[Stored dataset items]
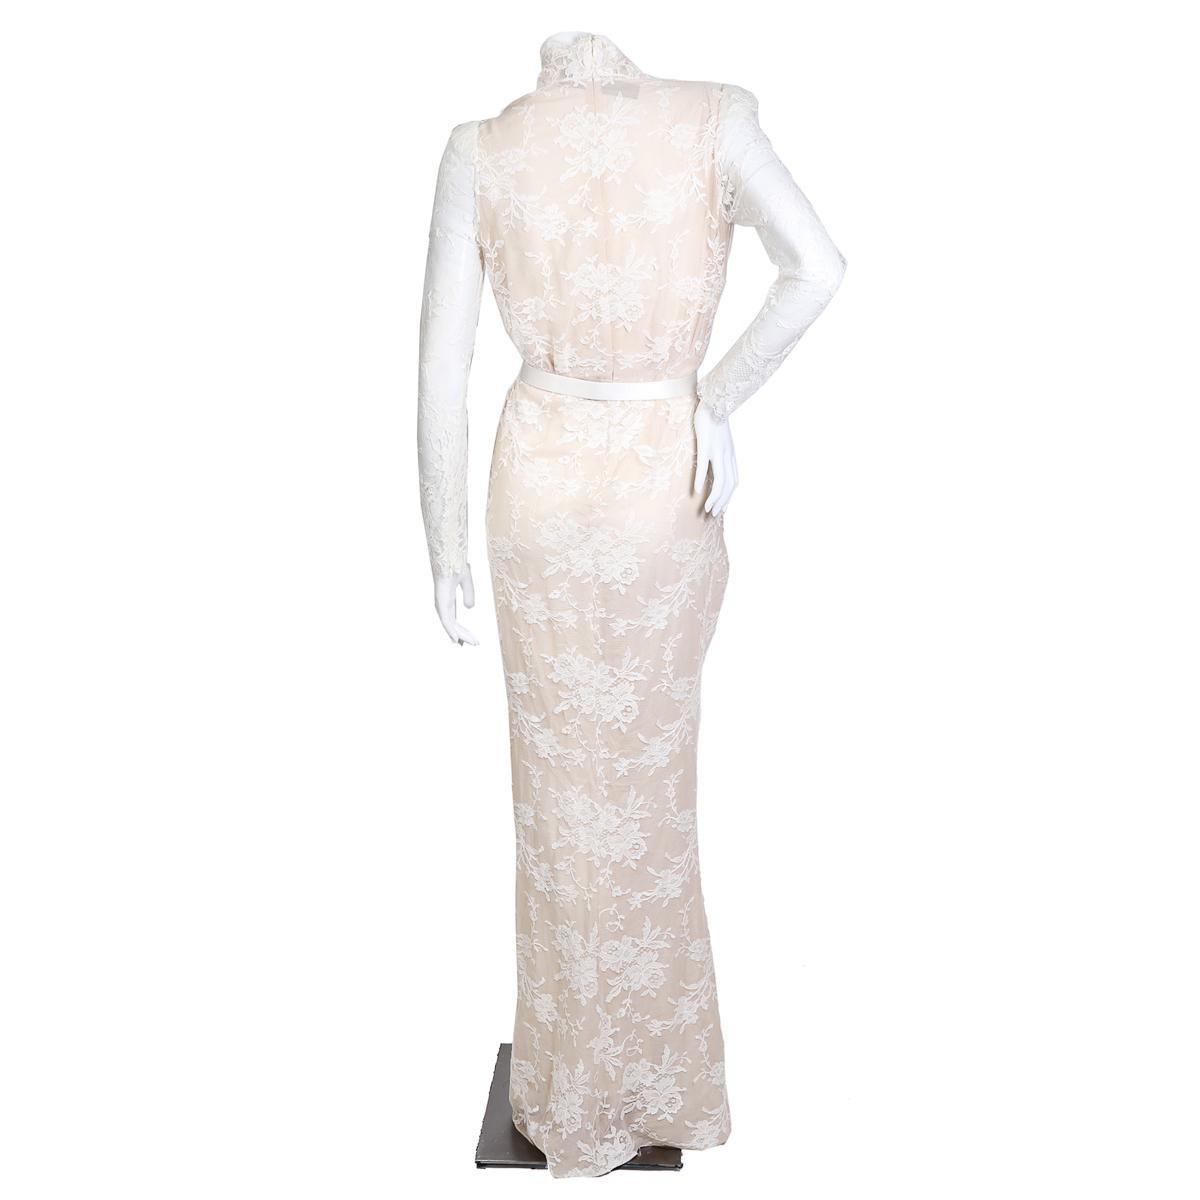 Gown from Alexander McQueen
White lace with nude lining
Long sleeves
Includes white satin belt with a rainbow jewel sun emblem
Back zipper closure and zipper cuffs
Condition: Excellent
Size/Measurements:
Size 42
15

WORK TASK
Go through the entries above and report every line in which the word "with" appears.

ANSWER BOX
White lace with nude lining
Includes white satin belt with a rainbow jewel sun emblem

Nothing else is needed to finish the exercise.